Machine Orchestration, Version Control and Pipeline Management for Deep Learning
Train your models in the cloud or your own server-farm with the click of a button, the call of an API or with a one-liner in the command line. Utilizing the right amount of processing units, get results and save time & money.
Valohai supports massive scale concurrency on top of AWS, Microsoft Azure, Google Cloud Platform and on-premises hardware (e.g. OpenStack). Just click a button and launch your code within a Docker container running on your hardware of choice.
Fulfil any regulatory compliance without any added work. Valohai automatically keeps track of all your experiments so you can always answer the question of how the model was trained, from data to parameters and statistics to algorithm.
Don’t worry about environments, configurations or shutting down servers when your training is done. Concentrate on trials & mastering your models!
We believe that version control is the only way to achieve reproducibility, regulatory compliance, an audit trail and quick results.
Select a deployed model and trace back to the its hyperparameters, training data, script version, associated cost, sibling models and team members involved in training the model. Do it today or 10 years from now.
Valohai integrates with any runtime you have and runs any machine learning code you write. Unlike other deep learning tools, Valohai doesn’t tie you down to one vendor (not even itself, as even the configuration format is open source).
Run your TensorFlow, Keras, CNTK, Caffe, Darknet, DL4J, PyTorch, MXNet or anything from bash scripts to C-code in your Docker wrapper of choice. Store your training data and labels in an Azure Blob, AWS S3 bucket or your own FTP server. Access your code in any public or private Git repository and run it on your cloud or on-premises hardware of choice.
Everything in Valohai is built API first, meaning that you can easily integrate your ML pipeline into your existing Software pipeline, e.g. through Jenkins or any other Continuous Integration platform.
When building deep learning models at scale, you want to use industry best-practices from leaders such as Uber, Netflix, AirBnB and Facebook.

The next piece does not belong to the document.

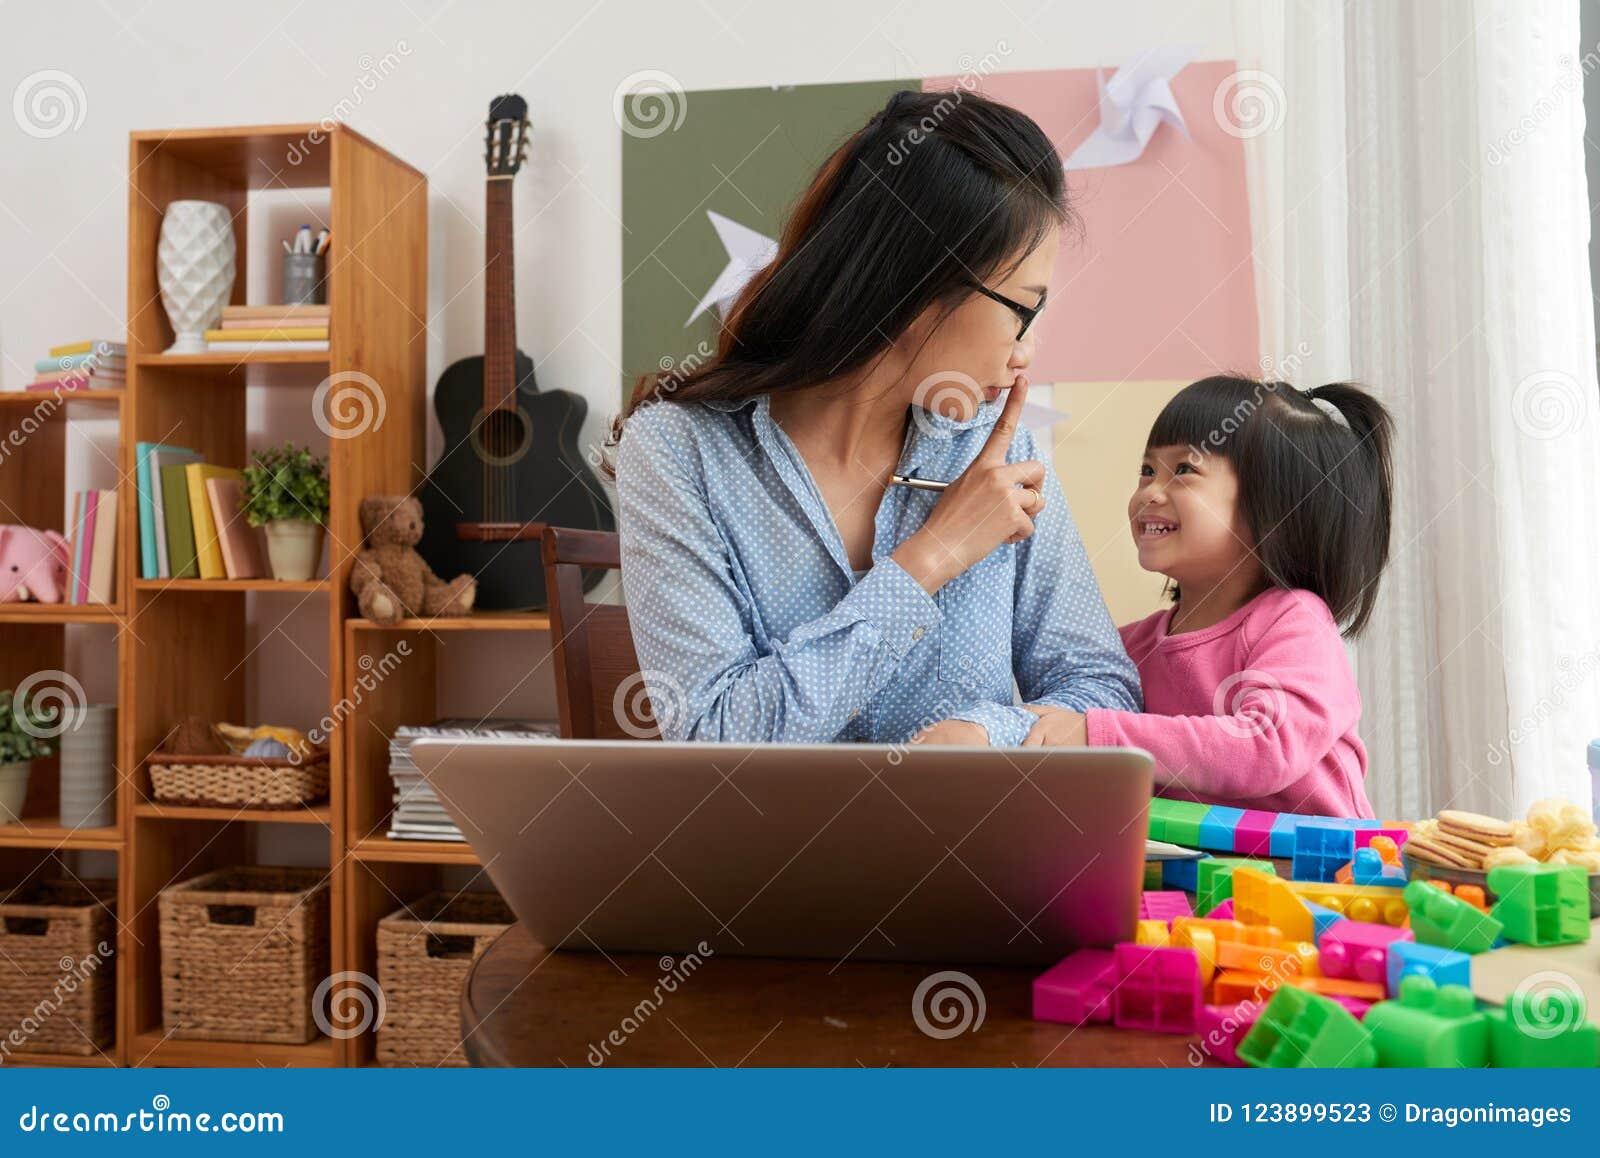 Berufstätige Frau mit spielerischem Mädchen zu Hause

Valohai brings the same tools to your fingertips, that these powerhouses use to manage their internal machine learning pipelines (Uber Michelangelo, AirBnB BigHead, Facebook ML etc).
Valohai’s streamlined machine learning pipeline ensures that steps integrate together, regardless of who has written it or which language or framework was used for it. Generate images with Unity, transform in custom C-code, train with TensorFlow in Python, Deploy to a Kubernetes cluster. Everything works!

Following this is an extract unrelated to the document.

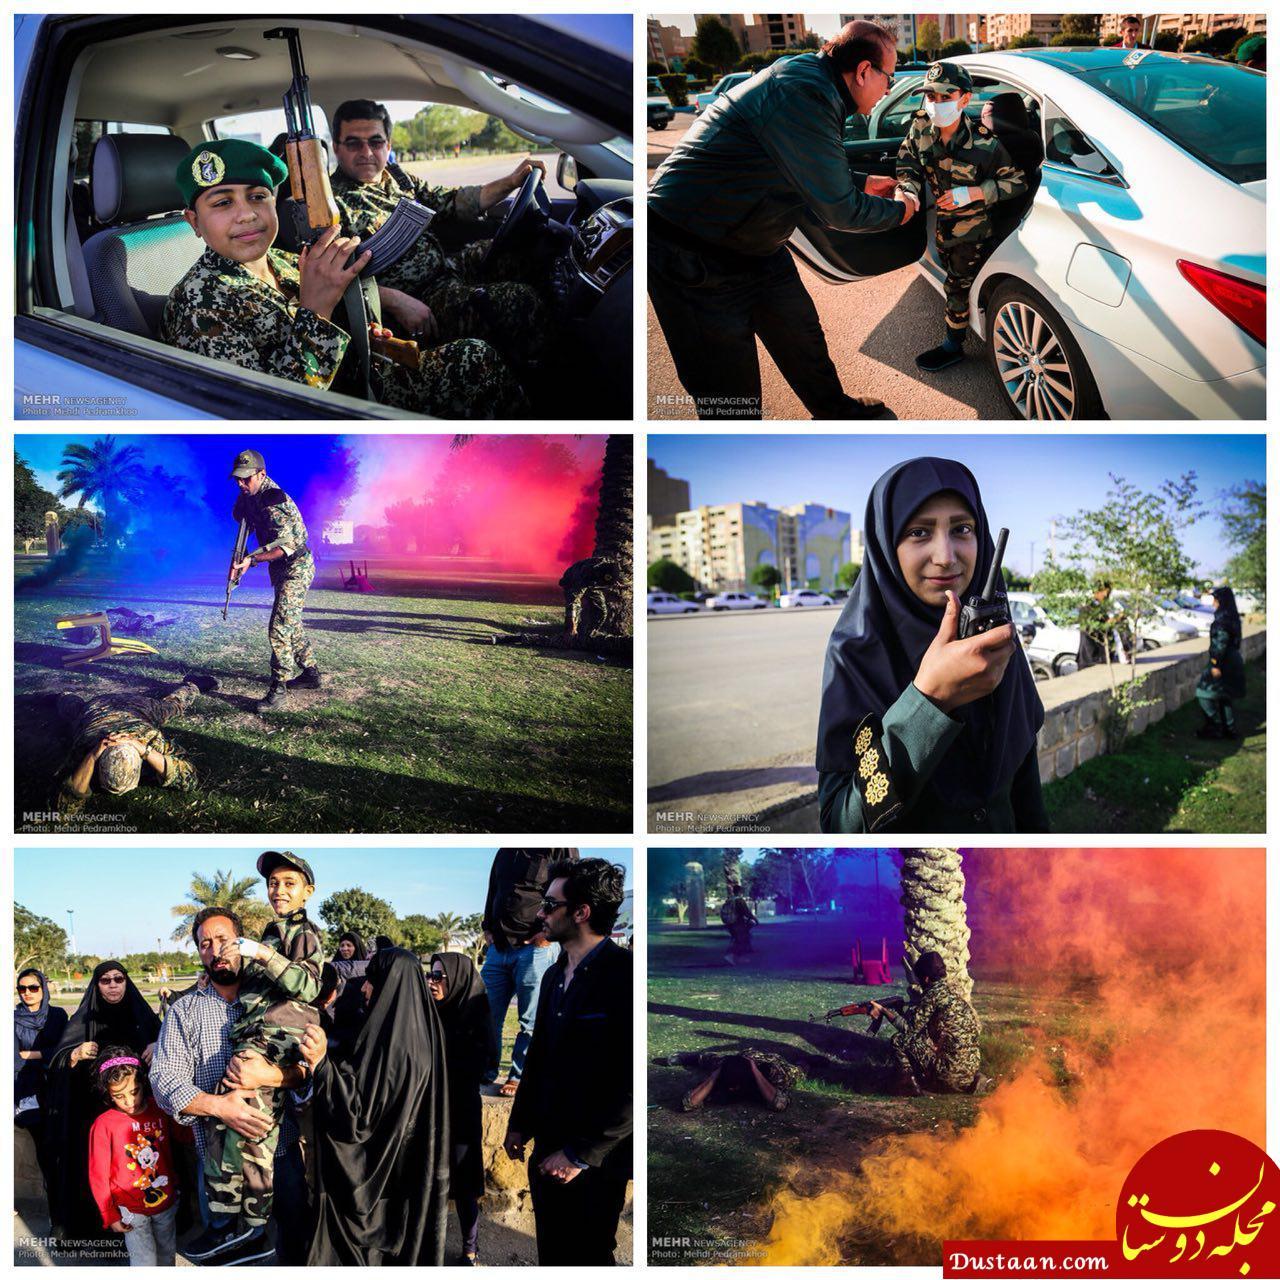 نابودی داعش توسط پنج کودک و نوجوان مبتلا به سرطان در اهواز +تصاویر

Get visual feedback on everything from a single model’s performance to convergence of several parallel hyperparameter sweeps. See how your parameter sweeps are progressing and compare competing models by accuracy, depth or any custom parameter. Instead of manually launching models and keeping track of CSV files, you’ll see everything in real-time as your trainings progress. You can also output custom parameters into stdout and see it graphically in the Valohai web interface.

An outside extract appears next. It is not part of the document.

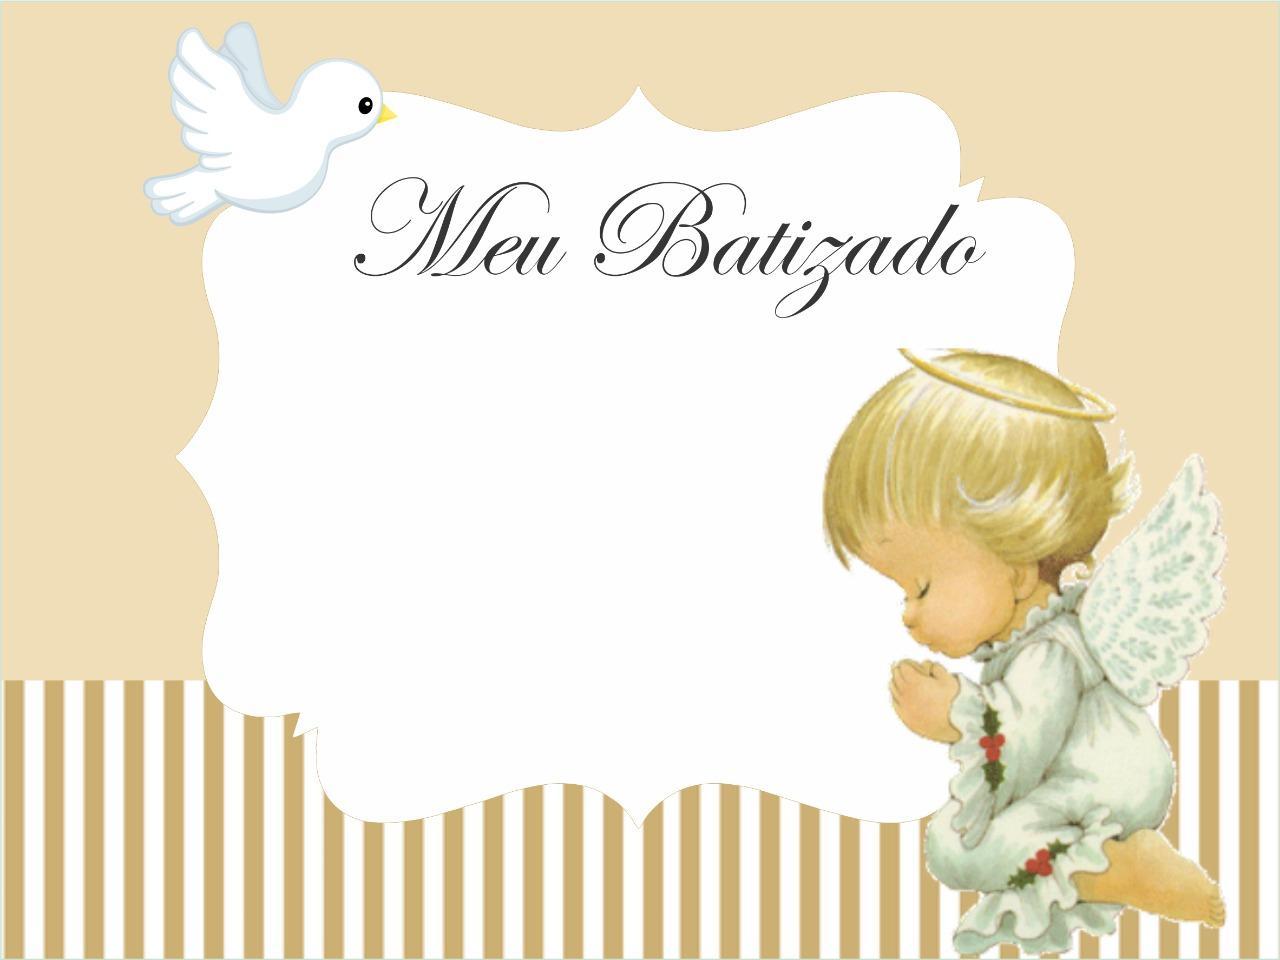 convite anjinho batizado

Valohai lets you scale up vertically and horizontally to do distributed learning and parallel hyperparameter sweeps at the speed of light (in an ethernet cable). Run your model in parallel on a hundred GPUs or tell Valohai to sweep through different hyperparameters to find the best model for your data in parallel on tens of TPUs. Valohai is built for finding and optimizing your model for big data and immense models that scale with you, as you grow from data exploration to production.